For Turkmenistan, however, two issues still remain unresolved. While maritime boundary and seabed and subsoil demarcation with Iran still remains to be addressed, concerns persist over the construction of the Trans-Caspian Pipeline (TCP) connecting the Turkmenbashi port of Turkmenistan to the Baku port in Azerbaijan. The proposed subsea pipeline will transport gas from Turkmenistan and Kazakhstan to Europe bypassing Russia and Iran. It is an extremely important project for Turkmenistan from the perspective of diversifying its energy exports, which currently are heavily dependent on China. Turkmenistan supplies nearly 40 percent of Chinas total gas imports via a Central Asia-China pipeline and shipments by tankers of super-chilled liquefied natural gas. With the TAPI project on the south still in its infant phase and the cessation of gas imports by Gazprom in the north from 2016, Turkmenistan hopes to diversify its energy exports through the Trans-Caspian pipeline by exporting gas to Europe. However, Russia and Iran have raised objections to the project citing environmental concerns and the pending status of the Caspian. While the recent convention through Article 14(3) allows the member-states to lay submarine cables and pipelines on the bed of the Caspian Sea, as determined by their mutual or bilateral agreements, Article 14(2) states that it must comply with environmental standards and requirements embodied in the international agreements, including the Framework Convention for the Protection of the Marine Environment of the Caspian Sea (Tehran Convention 2003). The Tehran Convention makes protection and conservation of the marine environment of the Caspian a collective responsibility. It means that any of the five member-states can thus raise environmental concerns over the TCP or any other project. Hence any expectations of a complete and mutually agreeable resolution of the issue are misconceived and premature.

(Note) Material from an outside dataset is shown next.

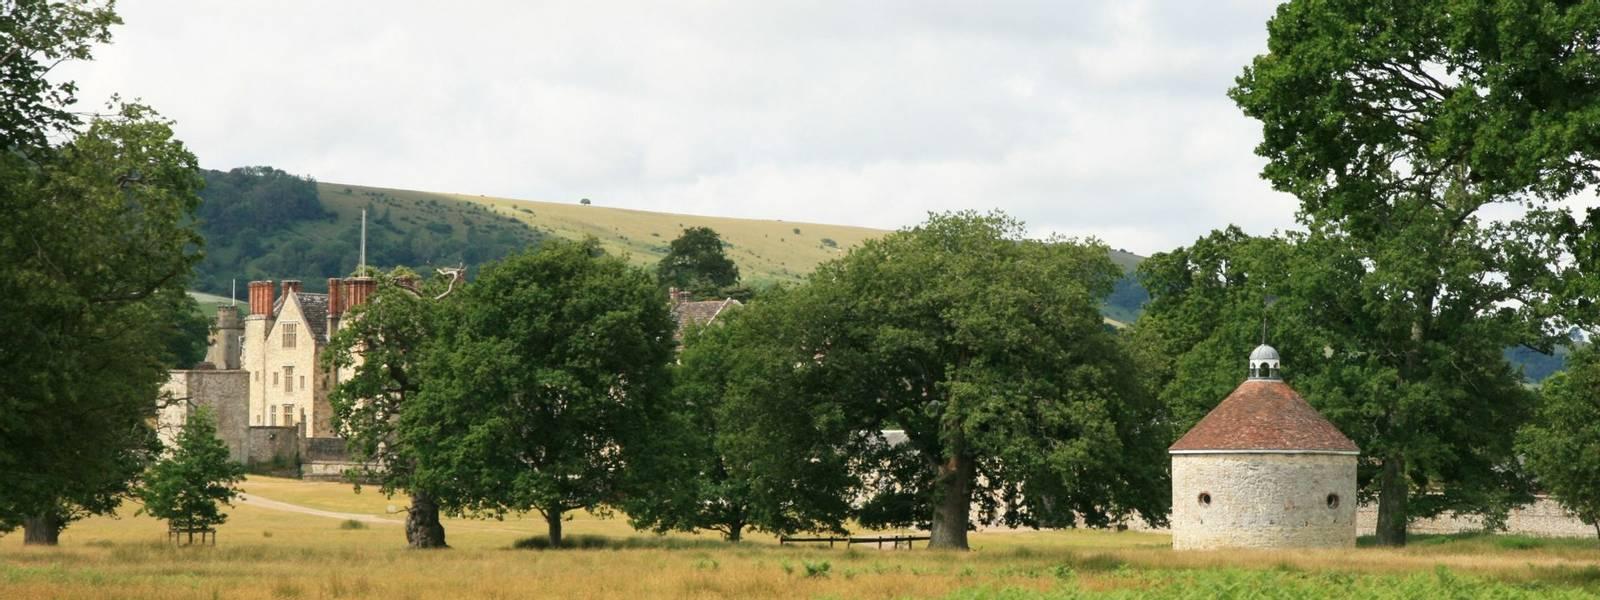 Parham House and Dovecote.JPG

For Iran too, the convention does not resolve its maritime disputes with its neighbours Azerbaijan and Turkmenistan. However, by raising environmental concerns over the project through the Article 14(2) of the Convention, it still retains its advantage over the status of the TCP project. Iran is hence likely to exploit this leverage to negotiate with its neighbours with respect to the disputed energy deposits, in order to get a better deal from them.

Symbolic success

The Convention on the Legal Status of the Caspian Sea is a symbolic success for the Caspian region, which took decades of deliberations and intense negotiations. It is indeed a positive step, reflecting a degree of congruence of interests among the Caspian littoral states. However, several issues still need to be addressed, some of which have to be dealt with bilaterally. An important outcome, rather a strategic one, is that regional players have retained control over all aspects of the use of the Caspian. This is of immense significance for the European and American investors who have been waiting to invest in the regional energy projects, specifically in Azerbaijan and Turkmenistan. There is still a long way before the capital starts rolling in.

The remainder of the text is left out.